* **WORK REQUEST**:
Retype, word for word, the line holding "S.S. MARIPOSA (American" and every line below it to the end of the listing. Leave out the pictures.

[Opening EXERCISE DATA section]

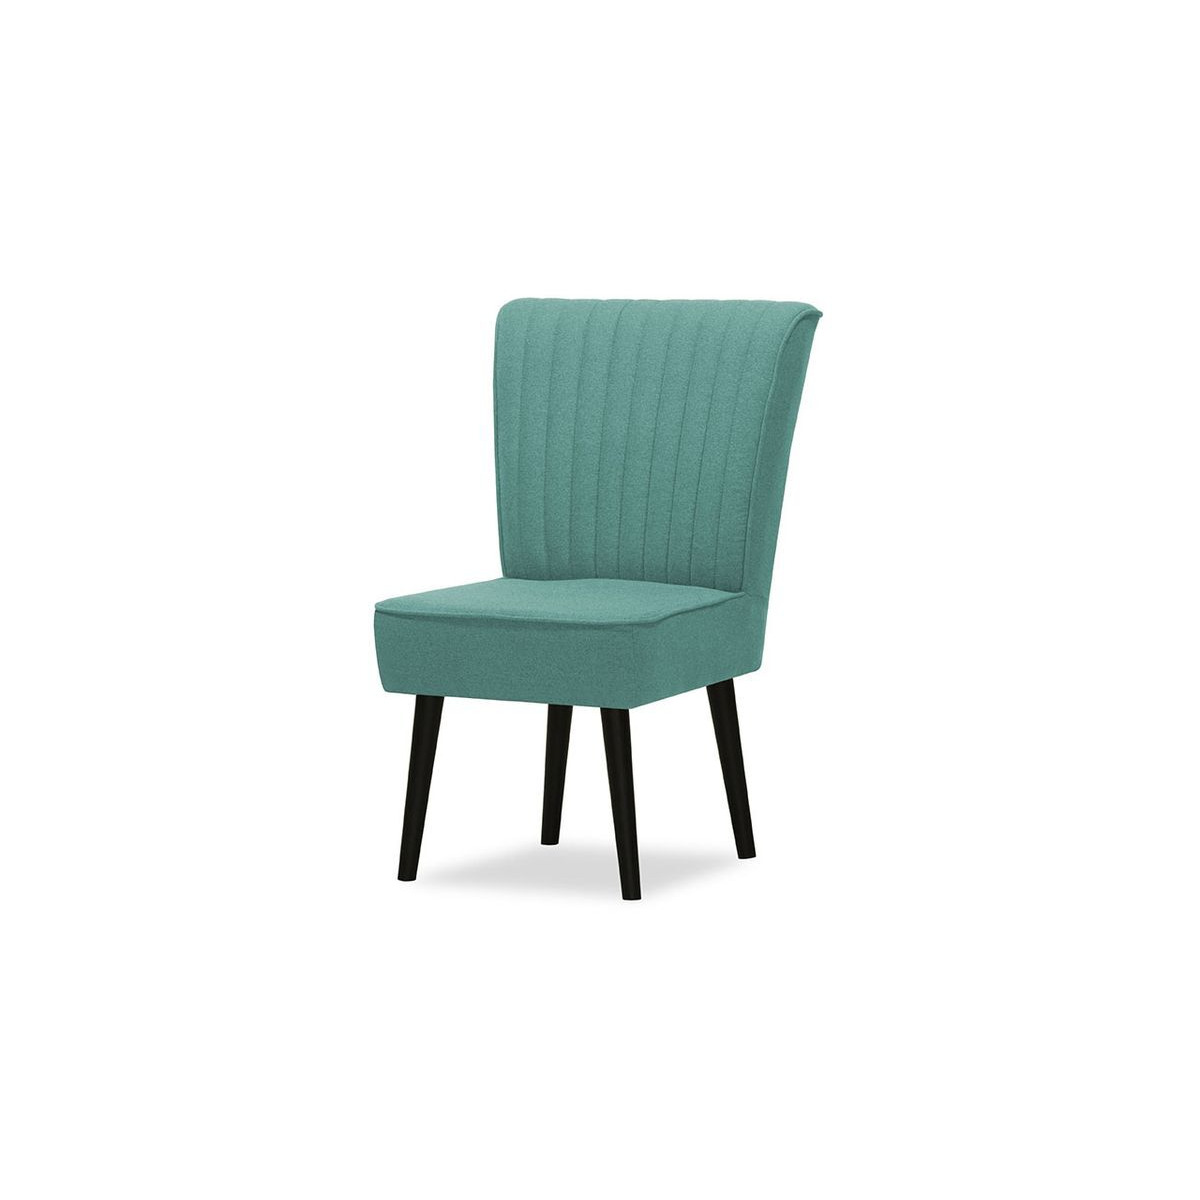 Tagen Dining Chair, light blue, Leg colour: white - image 1
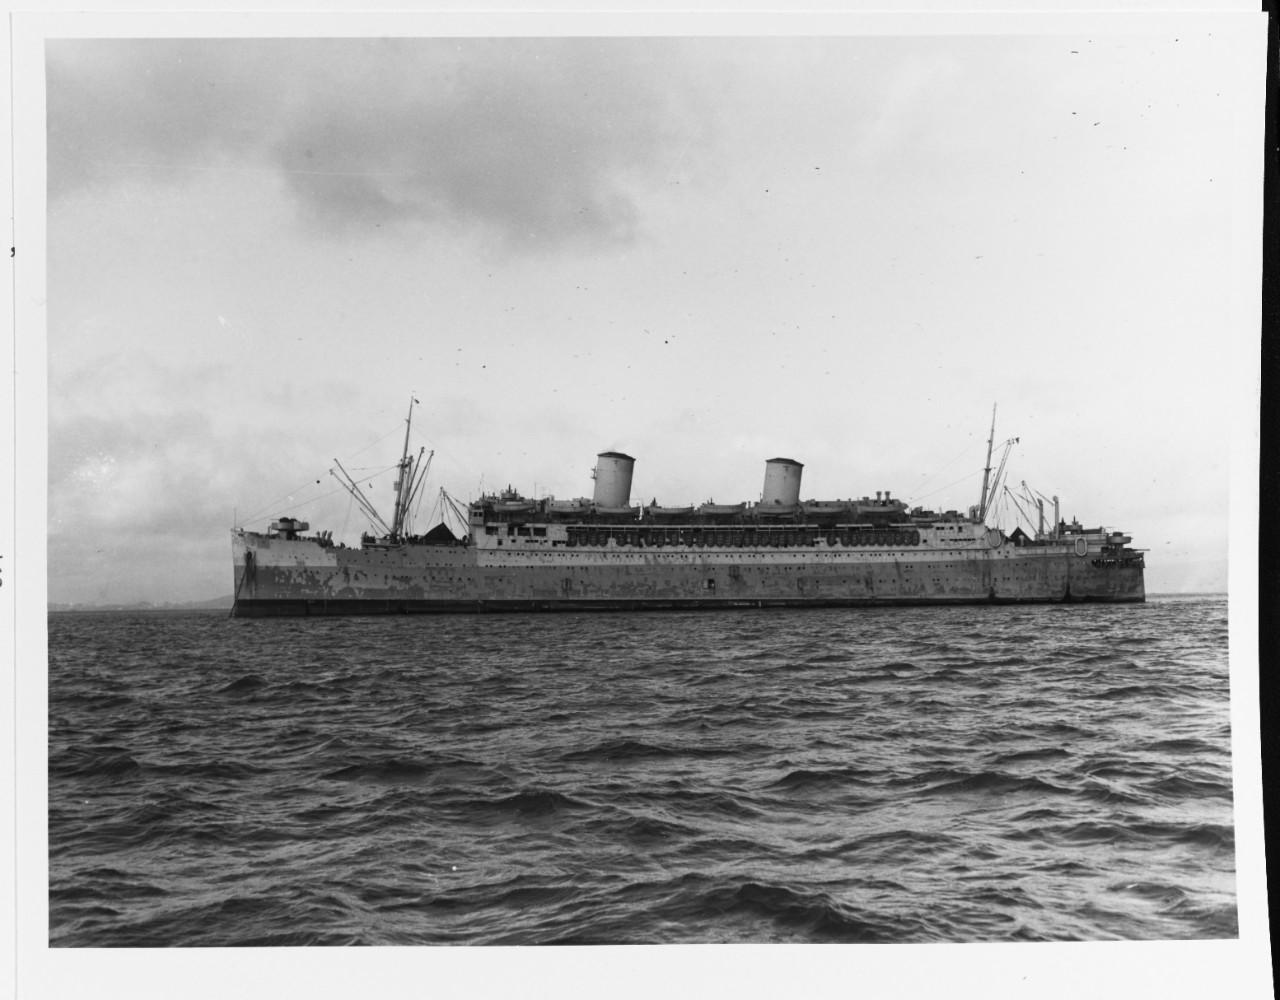 S.S. MARIPOSA (American Merchant Passenger Ship 1931-1974, under this name 1931-1953)
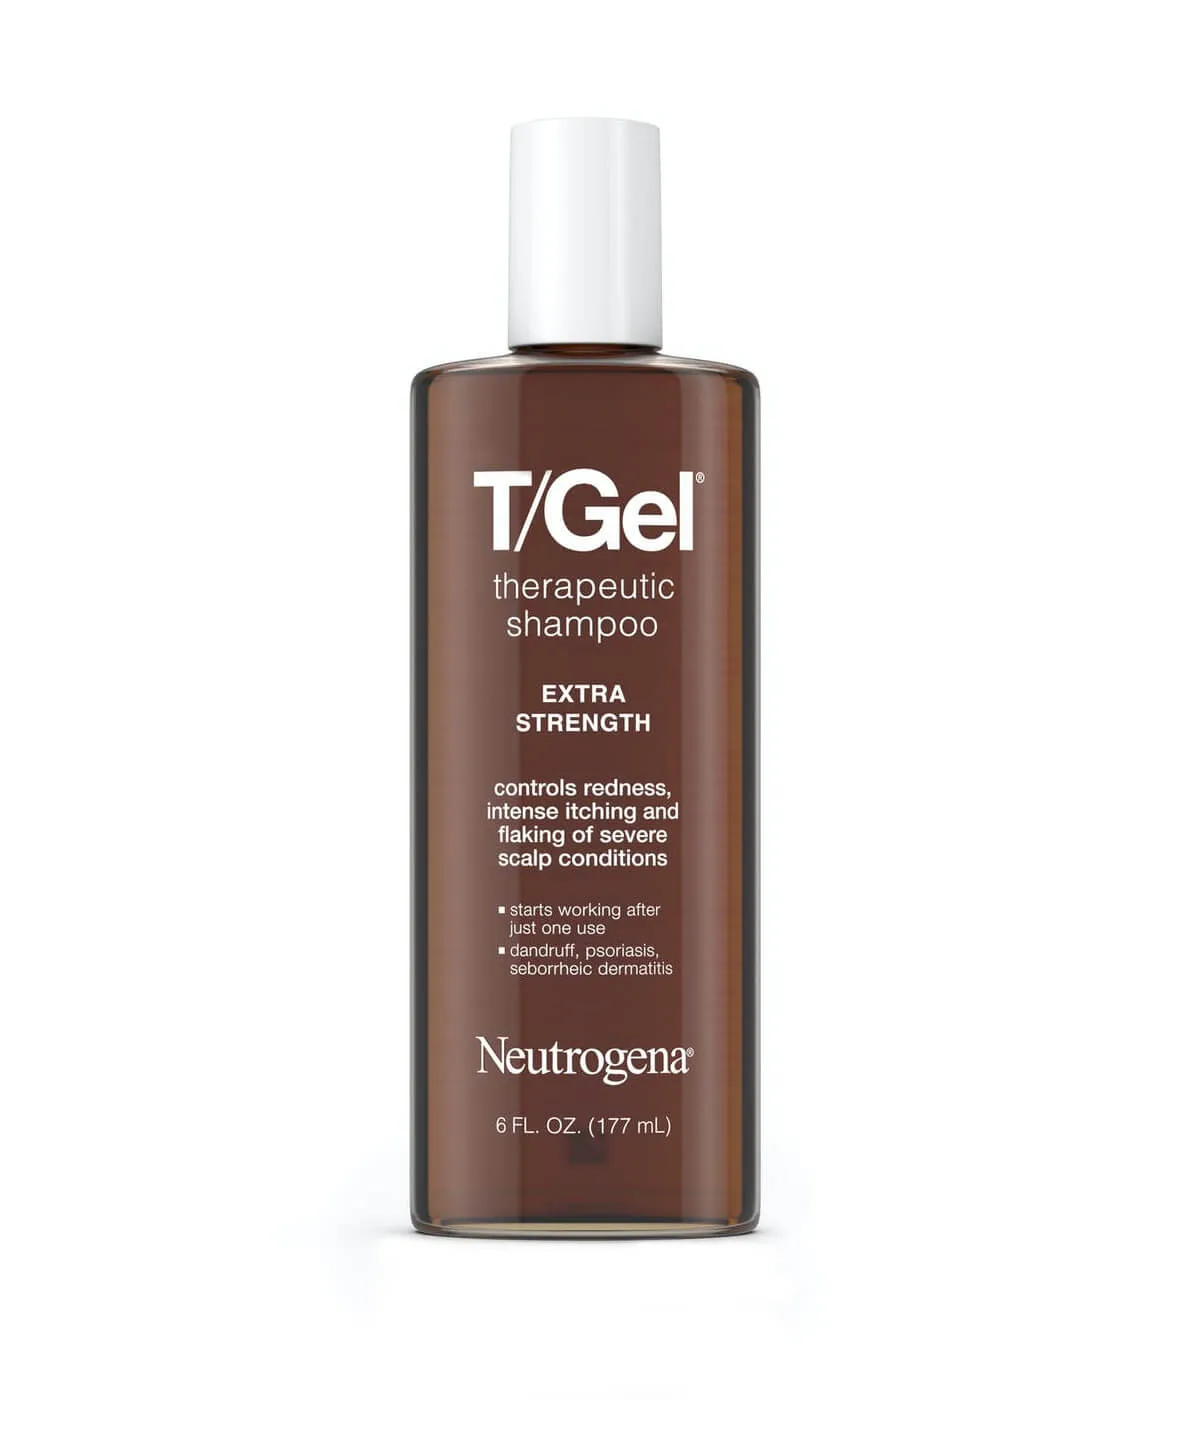 T/Gel Therapeutic Shampoo by Neutrogena, anti-dandruff shampoo (with Coal Tar Extract).

[Closing EXERCISE DATA section]

* **OUTPUT OF THE TASK**:
 S.S. MARIPOSA (American Merchant Passenger Ship 1931-1974, under this name 1931-1953)
 T/Gel Therapeutic Shampoo by Neutrogena, anti-dandruff shampoo (with Coal Tar Extract).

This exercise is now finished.